Whats ur take on nikon p510... is it really bad. What about the picture quality of all ??


----------



## Rockstar11 (Jun 13, 2012)

sujoyp said:


> HX100V is best VFM with great AF in video



+1



click_nature said:


> Hi marvelousprashant,
> 
> Thanks for ur suggestion, but the lens do cost heavy as the range i guess starts off from say 5k, so as u suggested both are 12 mp and image display resolution 230k and 460k dots for SX40 and FZ150.. what is ur take on this... looking forward for suggestions..
> 
> ...



Nikon P510 - slow auto focus.


----------



## sriharsha_madineni (Jun 14, 2012)

click_nature said:


> Hi marvelousprashant,
> 
> Thanks for ur suggestion, but the lens do cost heavy as the range i guess starts off from say 5k, so as u suggested both are 12 mp and image display resolution 230k and 460k dots for SX40 and FZ150.. what is ur take on this... looking forward for suggestions..
> 
> ...


Screen display resolution doesn't matter, its the output picture quality that matters.

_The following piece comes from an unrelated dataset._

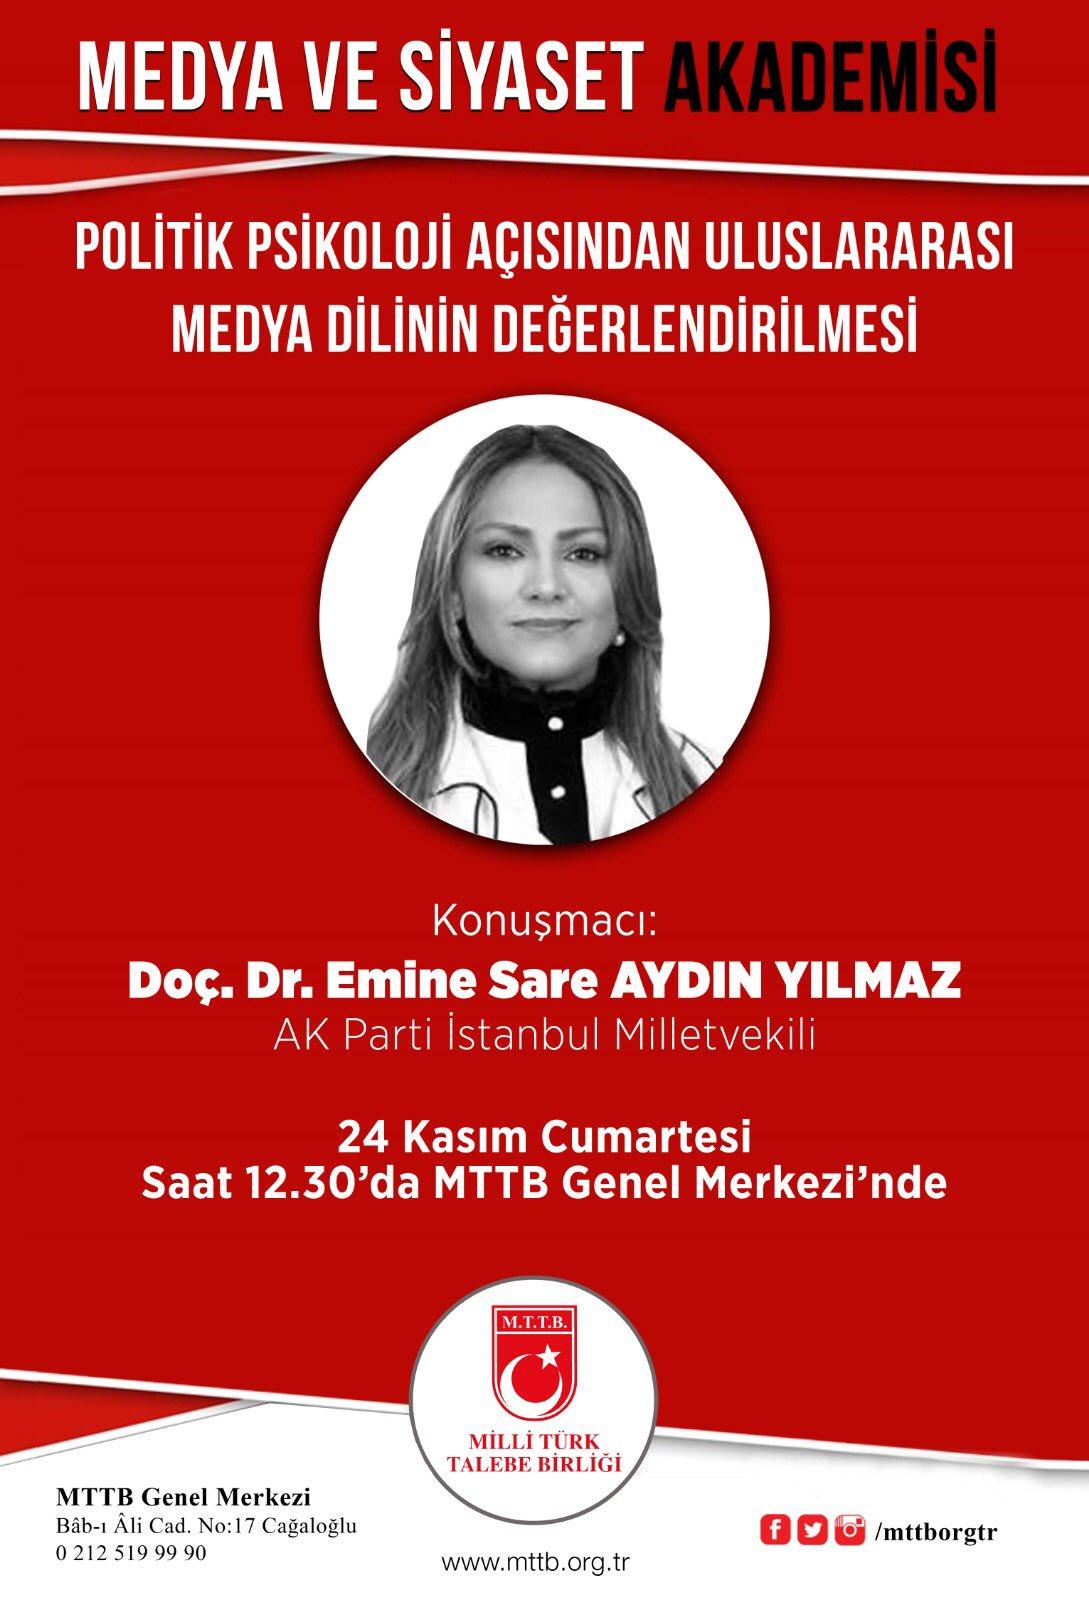 MEDYA VE SİYASET AKADEMİSİ 3. HAFTA

Althought many people claim SX40 has a leeeetle bit better picture quality, I say FZ150 is better overall.

And regarding Nikon P510, it's not bad, just that SX40 and FZ150 are better. 
HX100 is good too, but the auto-focus on FZ150 feels like it's on steroids. Try to get a demo of both, so that it clears all your doubts.

For any doubts regarding FZ150, this youtube channel covers almost everything >> ghough12 - YouTube


----------



## dr.rdb (Jun 14, 2012)

Nikon P510 is baap of mega zoom cameras with 42x massive optical zoom! 

I heard that Canon SX40 is better than P510. P510 has GPS which often fails!  Focusing problem while zooming during video capture! Also HD video capture is not good.
Also as I know in Kolkata P510 is around 20K, while ZF150 is 22K around. 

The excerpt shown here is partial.